Она запрокинула голову и подставила солнцу лицо, ее губы дрогнули, а из уголков глаз разбежались тонкие лучики морщинок, след бесчисленных улыбок. Господи, подумала Джейн, как же я буду без нее?

– Спасибо тебе, Джейн. Спасибо, спасибо, спасибо. Ты не представляешь, как много это для меня значит.

Джейн сглотнула комок и выдавила из себя улыбку.

Спустившись вниз, они решили, что в такой погожий день не грех немного и прогуляться. Бродя по тихим улочкам под тенистыми деревьями и мимо уличных торговцев, продающих старые книги и снежные шары с видами Парижа, они наткнулись на одетую в какое-то рванье старуху с бумажным стаканчиком в руках. Грейс открыла сумочку и протянула ей купюру в двадцать евро. Старуха расплылась в улыбке, которая придала ей сходство с беззубым морщинистым младенцем.

– Te bénisse, – прошамкала она, кланяясь. – Merci, mille fois[7].

У следующего же банкомата Грейс остановилась и сняла с двух своих карточек дневной лимит наличности. Всю оставшуюся дорогу она раздавала двадцатки всем встречным попрошайкам, попадавшимся ей на пути, останавливаясь, чтобы вложить купюру в очередную протянутую руку и сказать «Bonne journée»[8] – единственное выражение, которое знала по-французски.

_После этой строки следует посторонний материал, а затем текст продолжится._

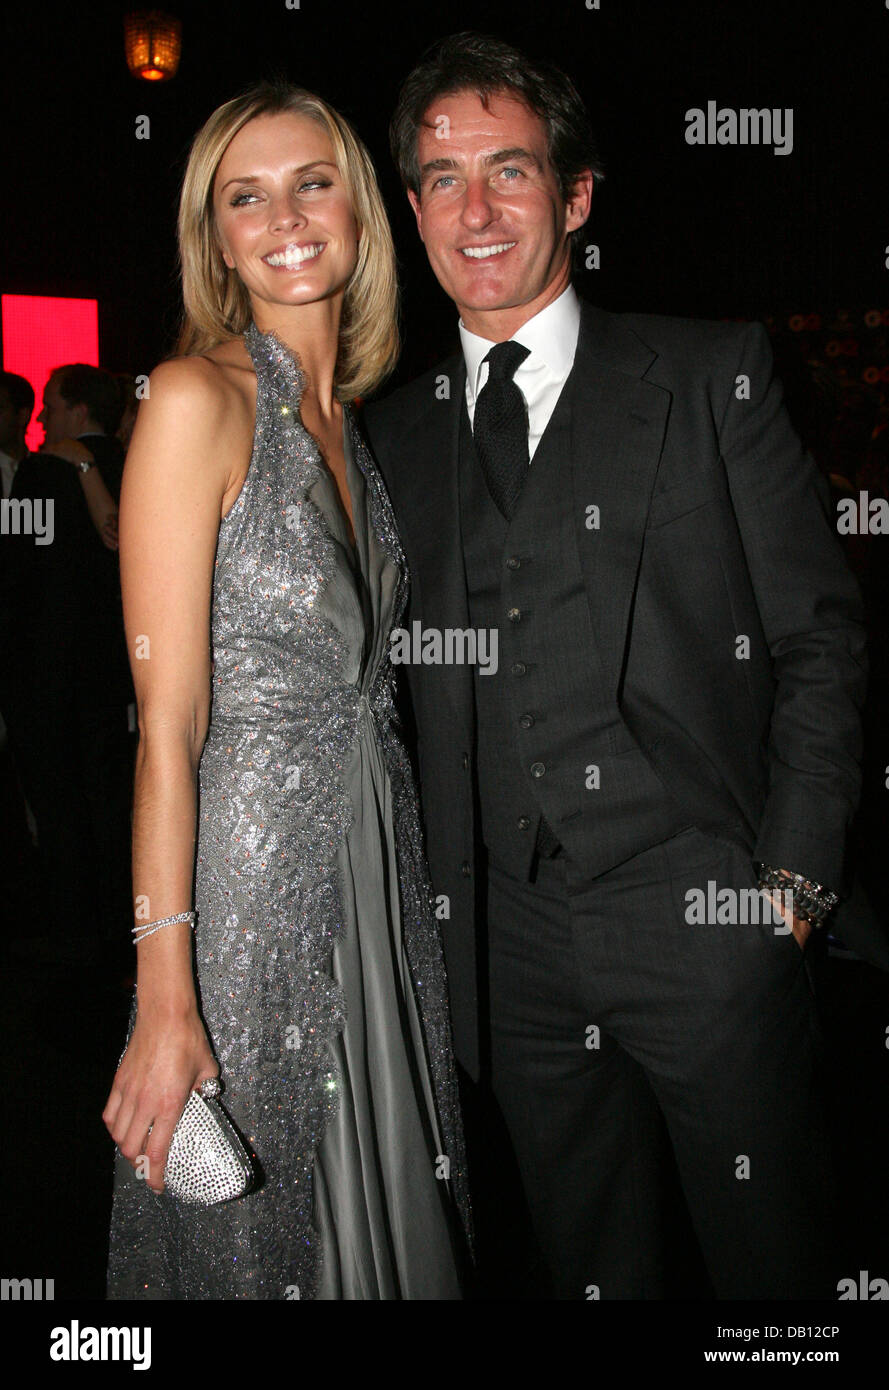 Fortune heir Tim Jefferies and his girlfriend, model Malin Johansson, pose  during the GQ gala event for the presentation of the ?Men of the Year 2007?  prizes in Munich, Germany, 25 October

Она останавливалась перед дверями, у которых в отключке сидели пьяницы, сжимая в скрюченных пальцах пустые бутылки, и всовывала банкноты прямо им в руки. Заглянув в какое-то кафе, она анонимно оплатила счет за двух юных молодоженов, устроивших себе романтический обед. Еще сотню евро она вручила мороженщику, который почти не говорил по-английски, а потом еще минут пять пыталась втолковать ему, что хочет, чтобы на эту сотню он угостил мороженым столько проходящих мимо ребятишек, на сколько хватит. Джейн никогда не видела, чтобы Грейс столько улыбалась. Глядя на нее, она сама тоже не могла удержаться от улыбки, хотя лишь ей одной было известно, чему именно должны быть благодарны все эти незнакомцы за произошедшие в их жизни маленькие чудеса. Джейн не могла это доказать, но готова была поклясться, что в тот день дух Грейс озарил своим золотистым сиянием весь город.

На следующее утро с Грейс случился припадок. Они с Джейн собирались отправиться в Лувр, и она улыбалась, когда ее лицо вдруг обмякло, а в глазах застыло отсутствующее выражение.

– Тебе нехорошо? – забеспокоилась Джейн.

Грейс ничего не ответила. Казалось, она даже не услышала вопроса.

– Грейс? Что с тобой, Грейс?

Та подняла руку, словно хотела указать на что-то на стене, потом вдруг как-то одеревенела и мешком сползла со стула на пол. Джейн подскочила к ней и попыталась поднять.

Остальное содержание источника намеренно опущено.